Computational methods are taking on an increasingly important role in all sciences. Astronomy is no exception. In fact, computational science is one of the most powerful tools to recreate the Universe from its very origin until its present-day large-scale structure, the cosmic web, and the galaxies it hosts. Consequently, a whole new research group on data science, under the supervision of Prof. Oliver Hahn, was founded at the Department of Astrophysics, Vienna, jointly with the Faculty of Mathematics, Vienna.

Cosmic web.

 

Its main scientific focus lies on cosmology and the large-scale structure of the Universe. To study the evolution of these structures, dark matter – and dark energy – have to be included. Dark matter is not visible to our eyes or any conventional detectors as it does not interact with light. But in the formation of structures and the behaviour of large celestial bodies we see its gravitational influence. In the early Universe clumps of dark matter pulled in regular, baryonic matter and once these so-called halos were massive enough, they collapsed. First stars and galaxies were born and over the course of the next 13.5 billion years the Universe arranged itself into its present form, whilst still expanding.

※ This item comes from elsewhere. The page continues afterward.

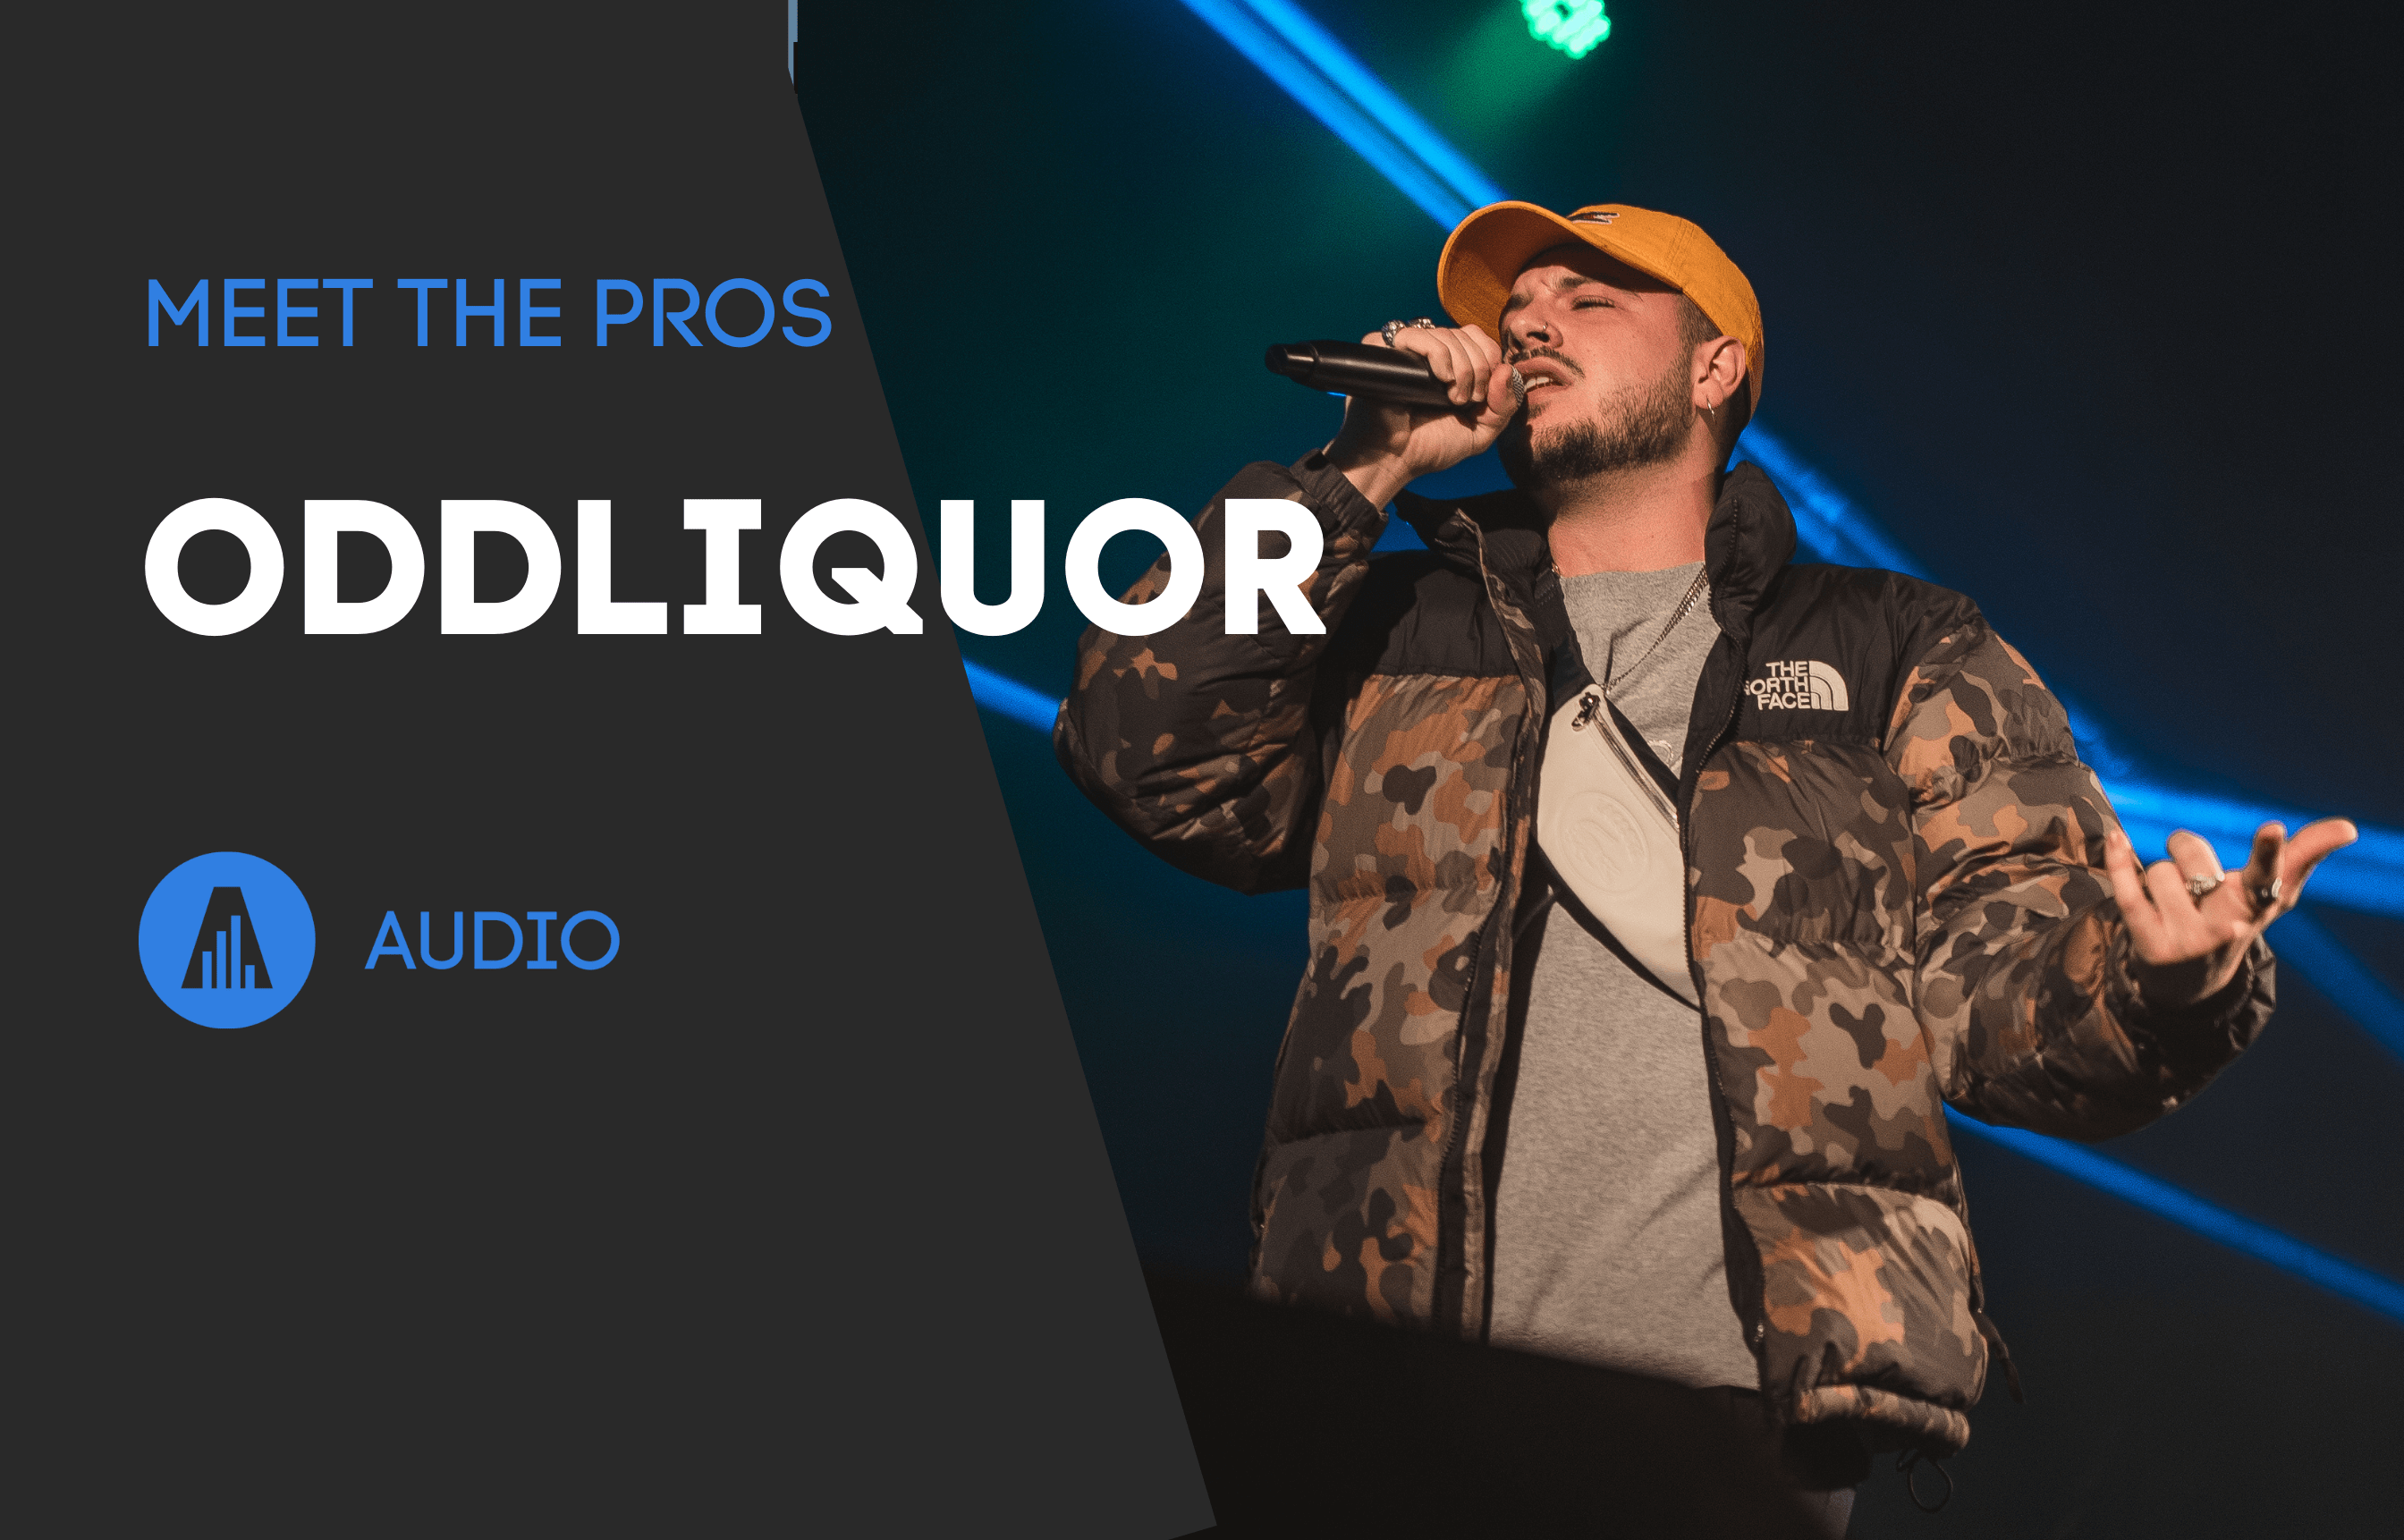 Meet The Pros - Oddliquor

Observational data for all-sky surveys can map the architecture of the cosmic web. Its evolution, however, is traced by cosmological simulations. A supercomputer is fed with all available data from observations, theories and mathematical calculations. Different approaches, like statistical methods and machine learning or deep learning, are tested on the programme. A simulation typically runs from very early times close to the Big Bang until today. At this moment the values from cosmological parameters are then extracted and compared to the existing observational data. One of the crucial problems here is that the exact setup from early times is highly uncertain, only bits and pieces hint to the evolution of the Universe. After all, we were not there and there is still very little observational data. Hence, simulations allow us to test which theories are consistent with the Universe we can observe.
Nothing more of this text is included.